鳴門(徳島)の鉄腕が力尽きた。左腕西野知輝(3年)は大会出場49校中唯一、地方大会から1人で投げ抜いてきたが、この日の最終回は右腕竹内勇輝(3年)にマウンドを譲った。

「悔しかったけど、竹内は僕より球も速いですし、信じていました」

この日は8回を被安打13、四死球3の8失点。特に初回は仙台育英の1番中里光貴(3年)に初球を二塁打され、4番小濃塁(3年)に2ランを浴びるなど、全打者にファーストストライクを狙われ、6安打を浴び、一瞬で4点を失った。「調子は悪くなかったけど、球が高く、甘く入った。立て直しが効きませんでした」という。

徳島大会5試合で683球、甲子園は初戦154球、この日の126球。計7試合で963球も投げた。岩手大会では、決勝で大船渡の163キロ右腕佐々木が監督判断から登板を回避し、世間の物議を醸した。真夏の大会を1人で投げきることの是非-。西野はこの日の試合前、記者の質問に答えて「楽しいけど、しんどいです。徳島大会の決勝あたりはきつかった」と苦笑いし、自分の考え方を明かした。

「佐々木君はすごく有望で、将来はプロとかが当然の投手ですからね。僕はやっぱり昨年夏の悔しさがあって、だから今年の夏は1人で投げきりたいと思った。状況とか(いろんなものが)また違いますから(いい、悪いの)どちらとも言えないと思います」。

自分も大学で野球を続けるつもりだから、故障はしたくないが、1年前の後悔を晴らしたい。悔いなく仲間との高校3年間を終えたい。
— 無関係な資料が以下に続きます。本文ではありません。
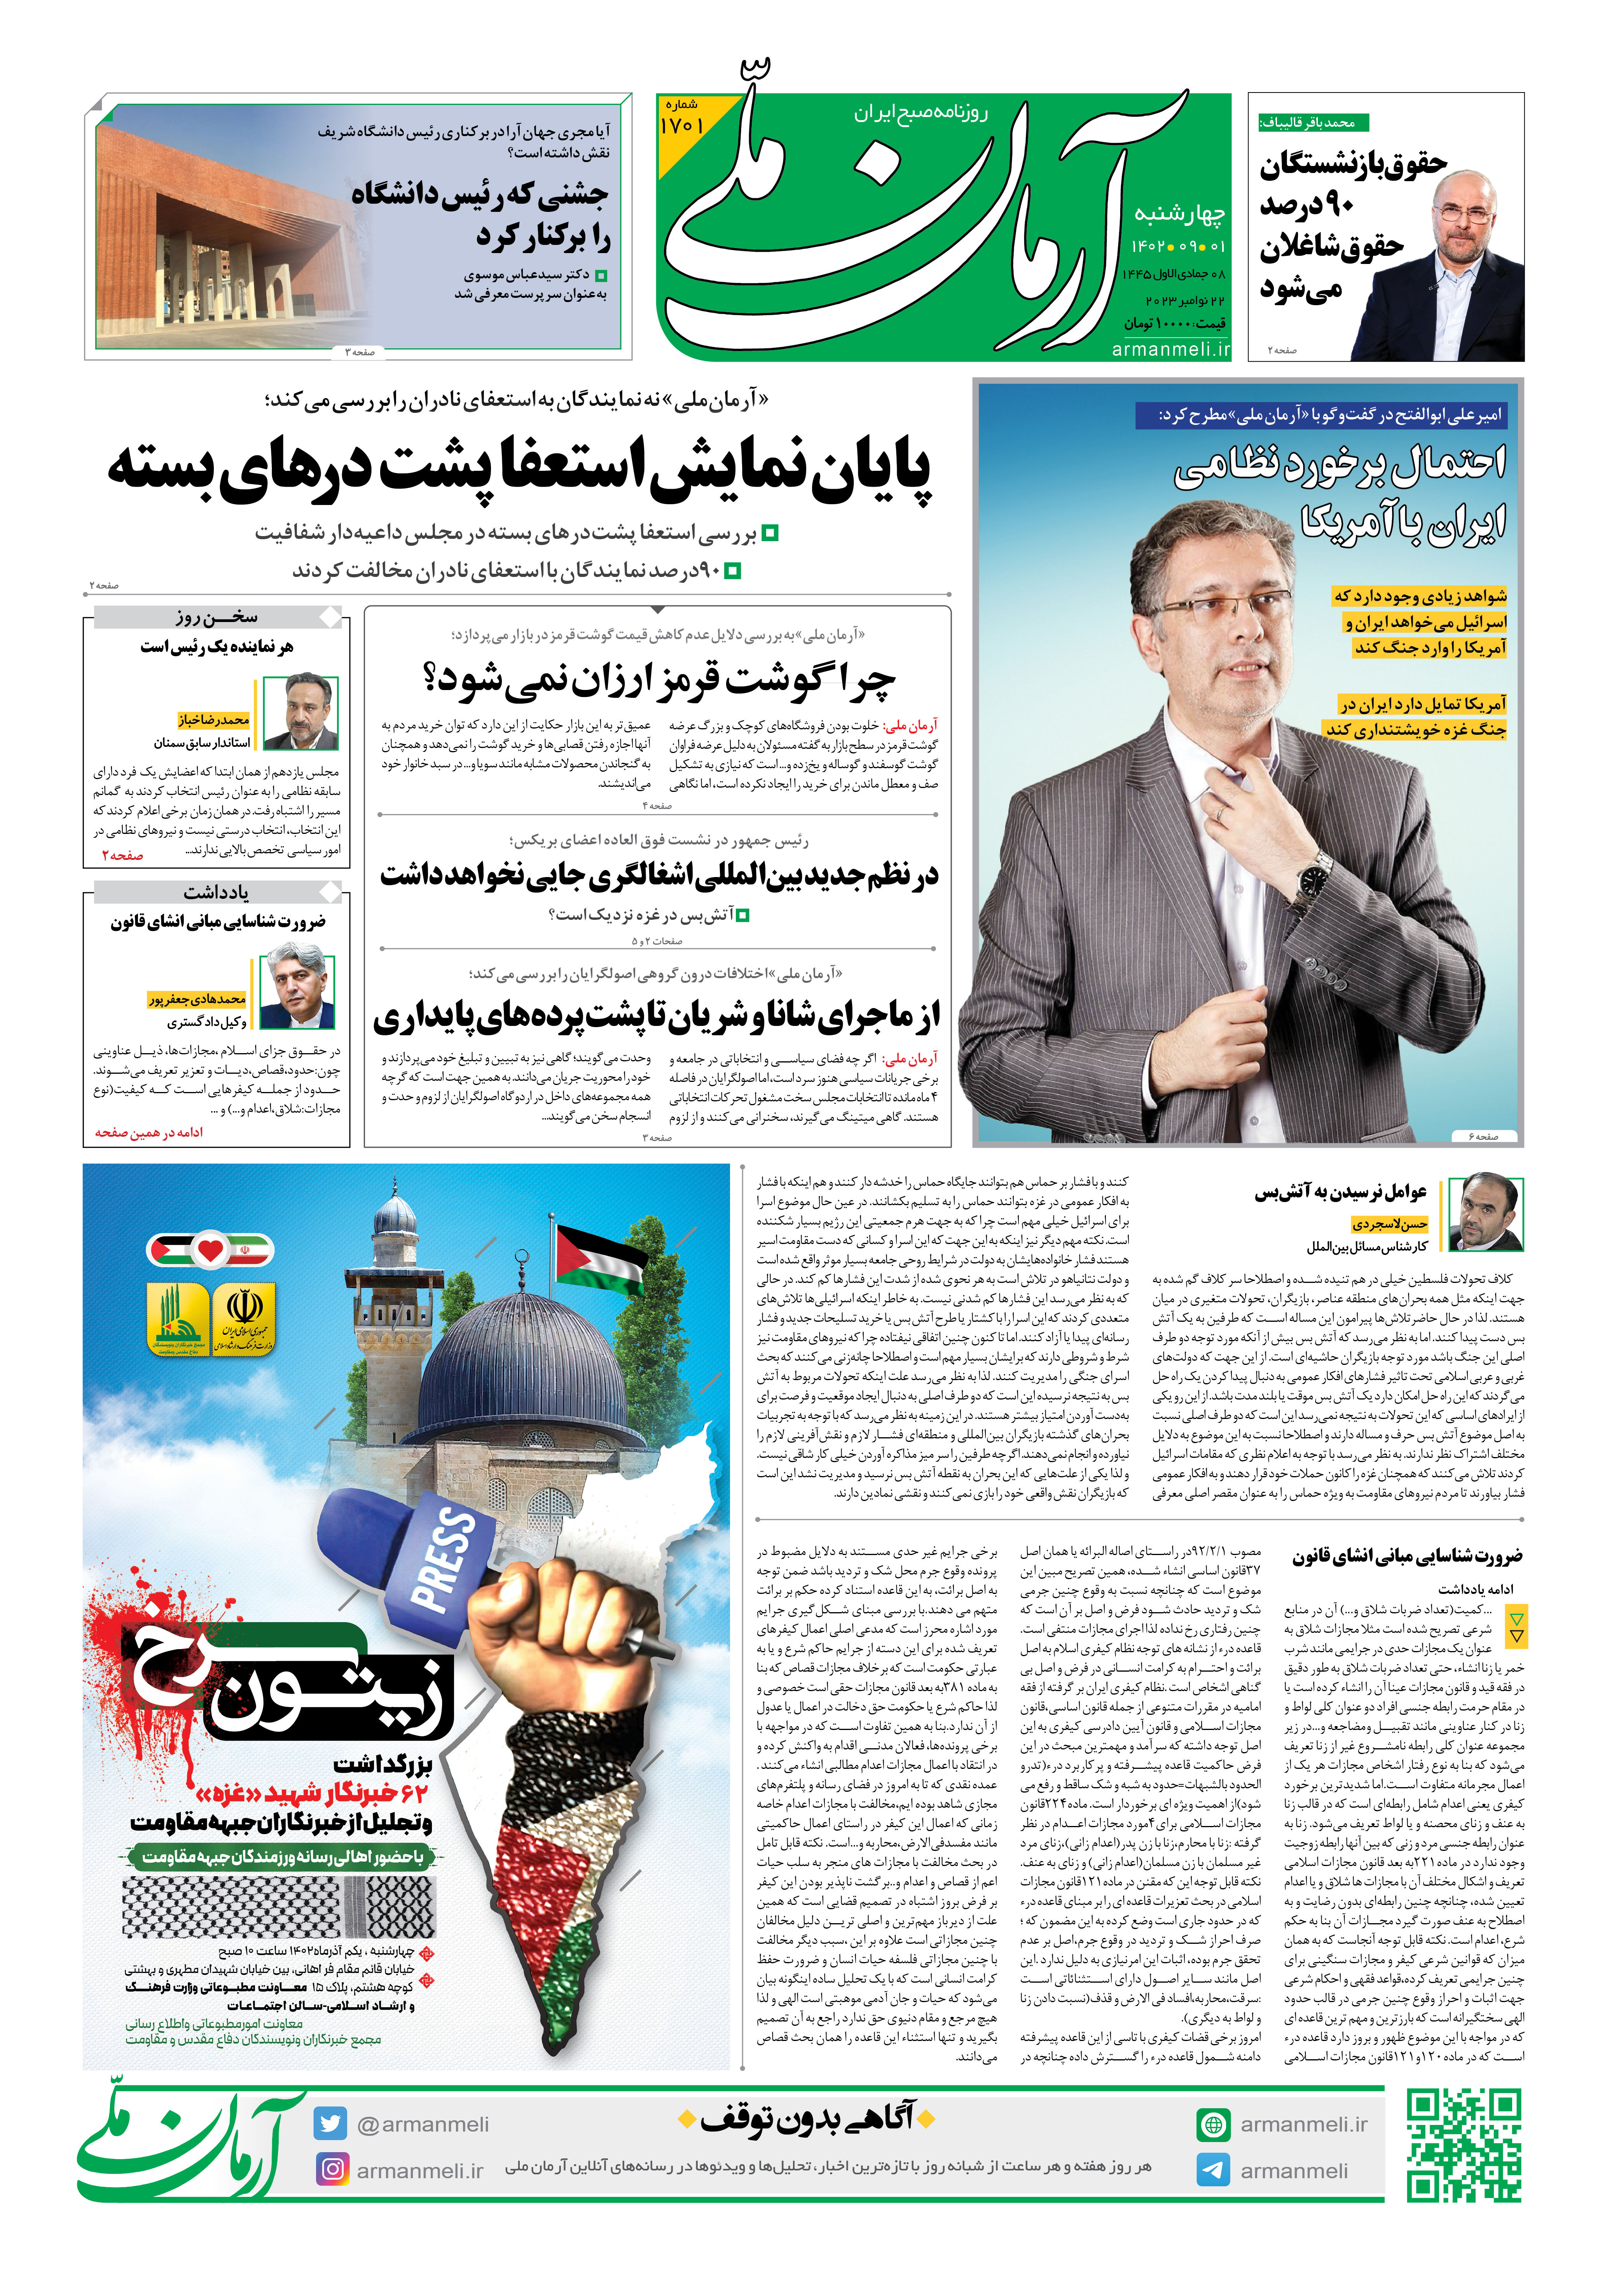 روزنامه آرمان ملی - چهارشنبه 1 آذر - شماره 1701
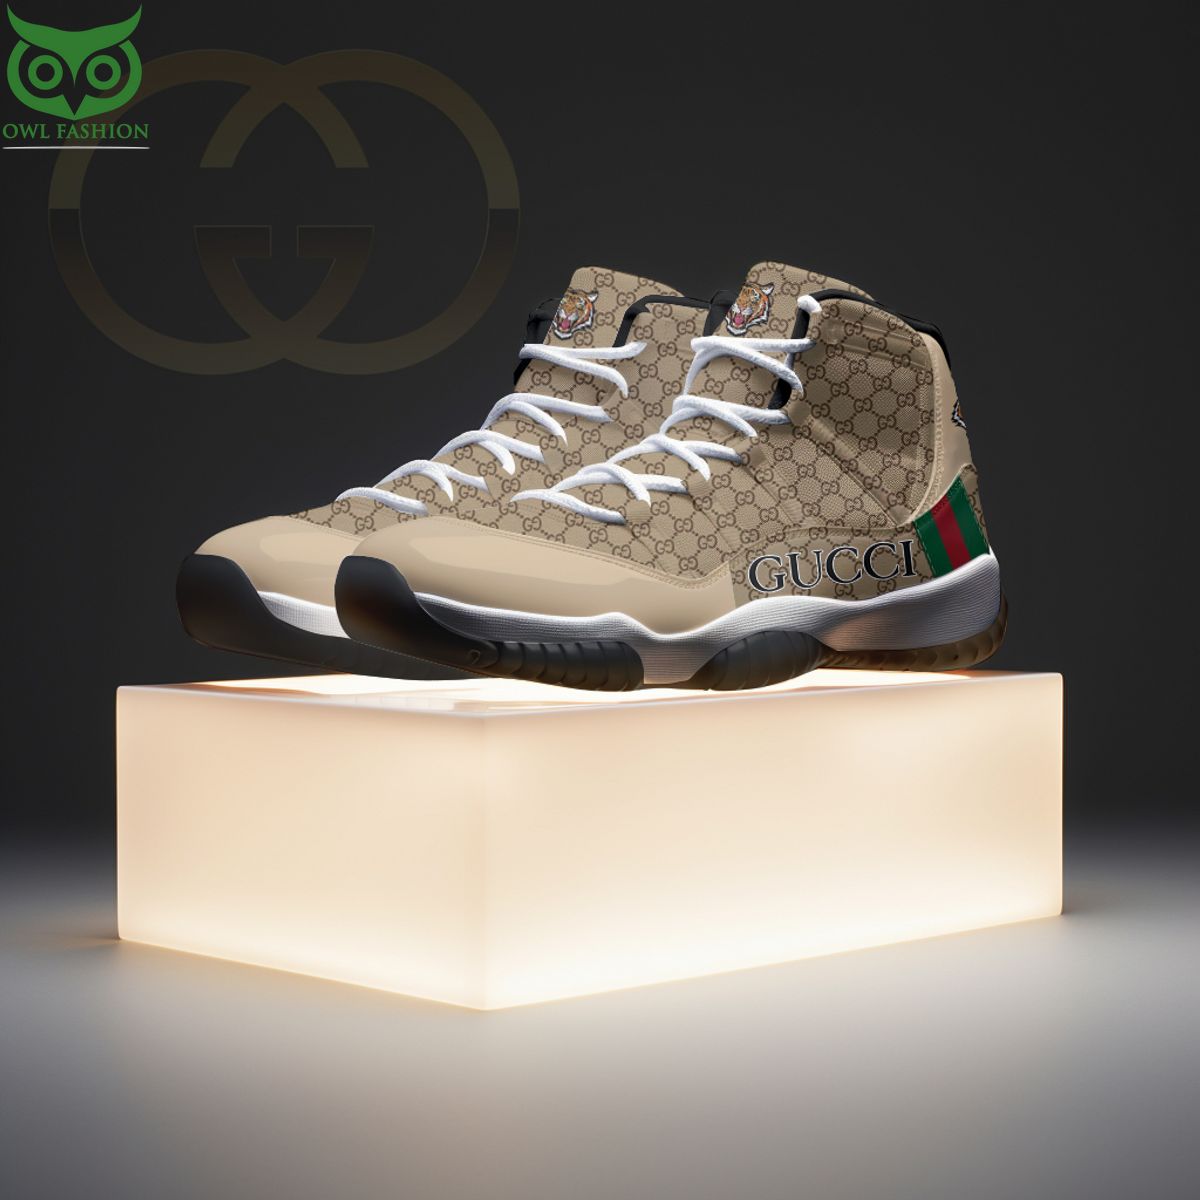 Gucci Famous Fashion Brand Air Jordan 11

深刻なダメージがなく、投げられる限り、それがチームが勝つための最善の策であるなら、マウンドを守り続けたかった。

途中で1点差に迫った。6点差大逆転まであと1歩だった。「1点差から(自分が)粘れていたら。味方のエラーもあったけど、自分が粘ってカバーできていたら、展開は変わったと思う。自分の力負けです」。体力回復に豚肉がいいと聞き、徳島大会の登板前夜と登板日夜は、母美佳さん(40)に頼んで「冷しゃぶ」を食べ続けた。「こっちに入ってから、そうもいかなかったんですが、最初は食べたくて母に頼みました。それで勝って、験担ぎもあって」。酷暑で1000球近くを投げた左腕は、笑顔で高校野球を終えた。